Она рассказала Алексу о последовавших за свадьбой неделях — медовом месяце, быстро прервавшемся по деловым соображениям, долгих вечерах, когда она ждала возвращения Марка из офиса, а потом обнаруживала что им не о чем говорить.
Патти до сих пор с горечью вспоминала о своей тогдашней жизни. Она перестала высказывать свое мнение, потому что Марк только смеялся над ним. Он возражал против ее встреч с подругами по школе, и хотя Патти не порывала с ним связи, но все свои уик-энды вынуждена была проводить в компании коллег мужа.
А затем наступило утро, когда она не смогла встать с кровати.
— Я представила, что мне предстоит еще пятьдесят лет такой жизни, и не выдержала, — сказала Патти. — Одно время я думала, что все изменится, если я рожу ребенка, но, слава Богу, у меня хватило ума понять, что к материнству я еще не готова.
Алекс внимательно слушал.

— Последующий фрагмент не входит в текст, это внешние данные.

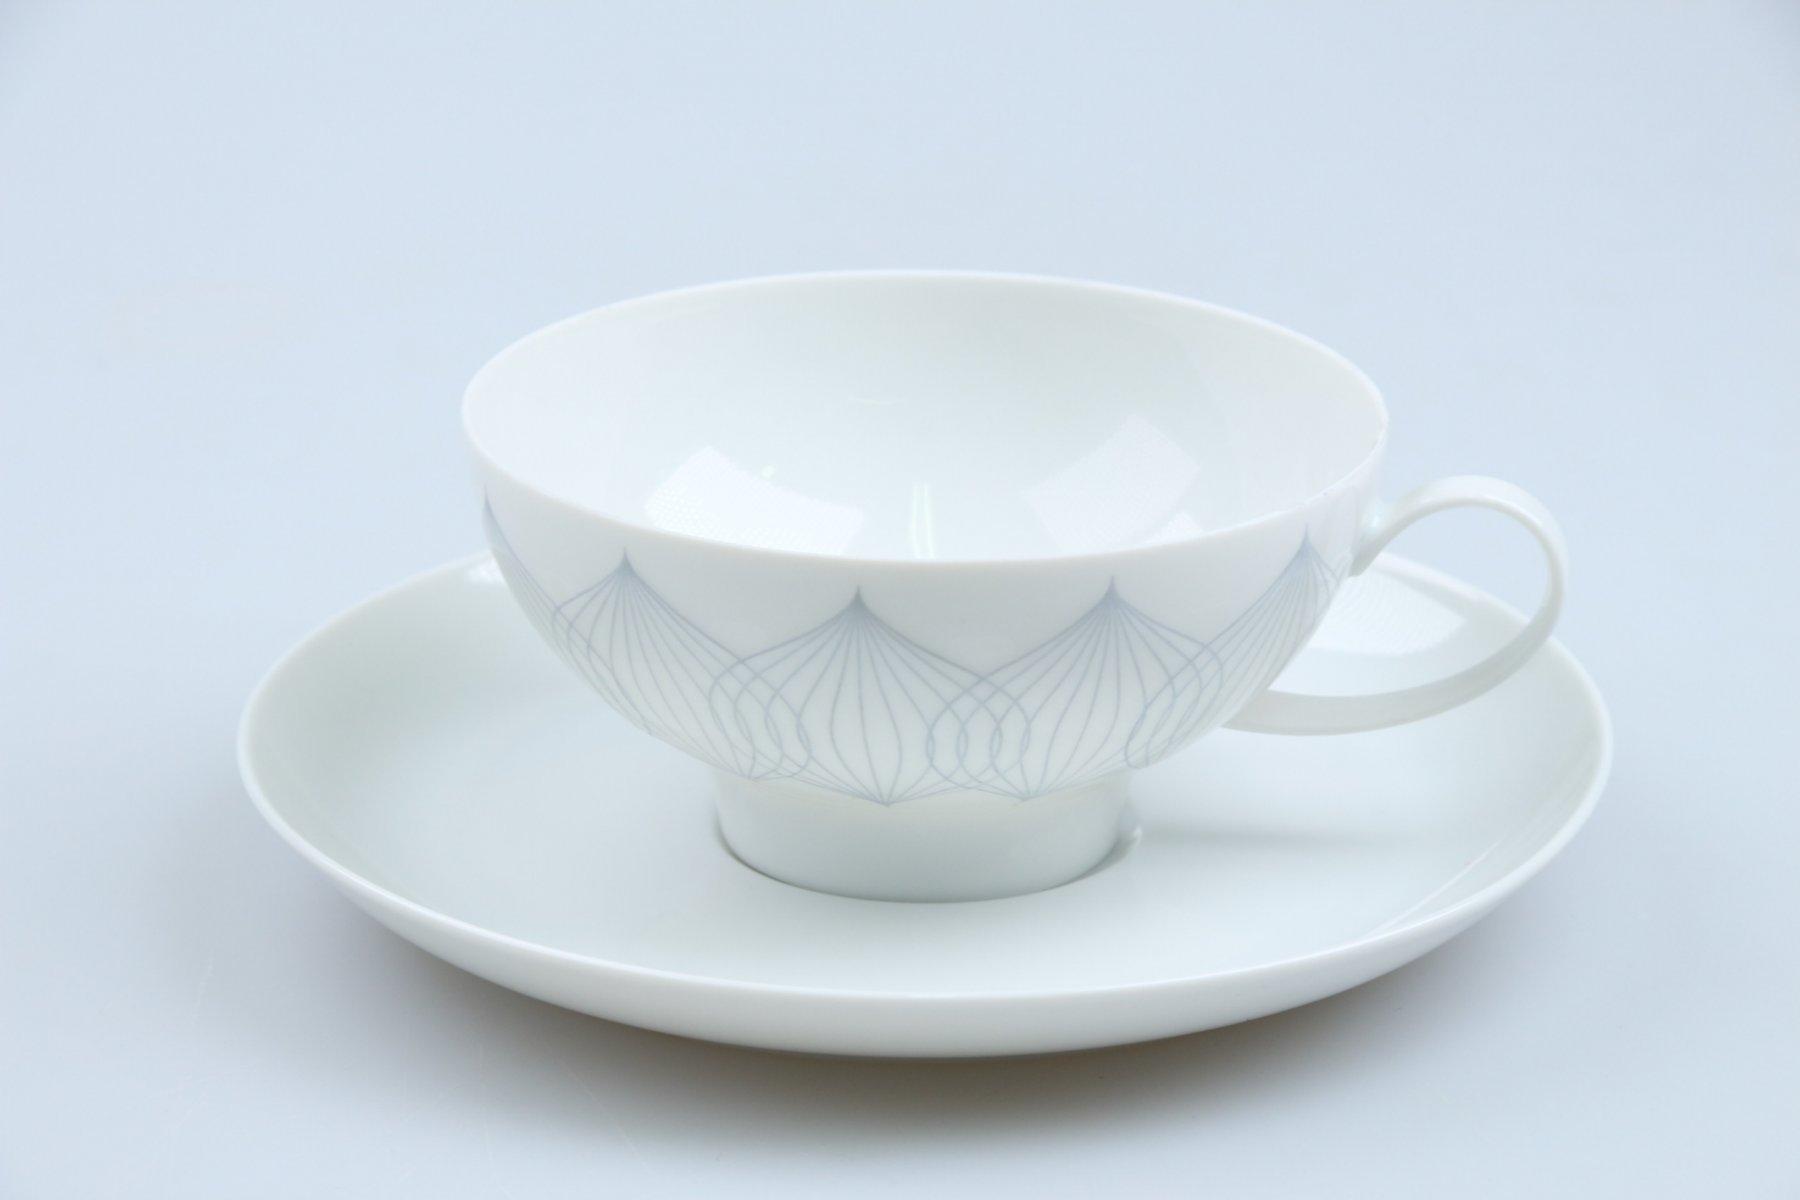 Stövchen für Kaffeekanne D 12,9 cm H 5,1 cm Rosenthal Lotus Kobalt blau

Его бокал был едва пригублен.
— Тогда я сказала Марку, что хочу поступить в университет — продолжала девушка. — Он наотрез отказал. Мои родители поддержали его. Они сказали, что я должна посвятить себя семье — по крайней мере, первые несколько лет. Отец заявил, что, выйдя за Марка, я впервые в жизни сделала что-то путное и не должна портить это, занимаясь тем, что он называл «беситься с жиру».
— Значит, вы развелись не только с мужем, но, если так можно выразиться, и с родителями? — спросил Алекс.
— Я никогда так не думала, но вы правы, — признала Патти. — Время от времени я вижусь с ними, но при этом мы всегда чувствуем себя… отчужденно. По крайней мере, я. Конечно, после развода я бунтовала. В университете — а я все-таки поступила туда — я бывала в компаниях хиппи, но это продолжалось недолго.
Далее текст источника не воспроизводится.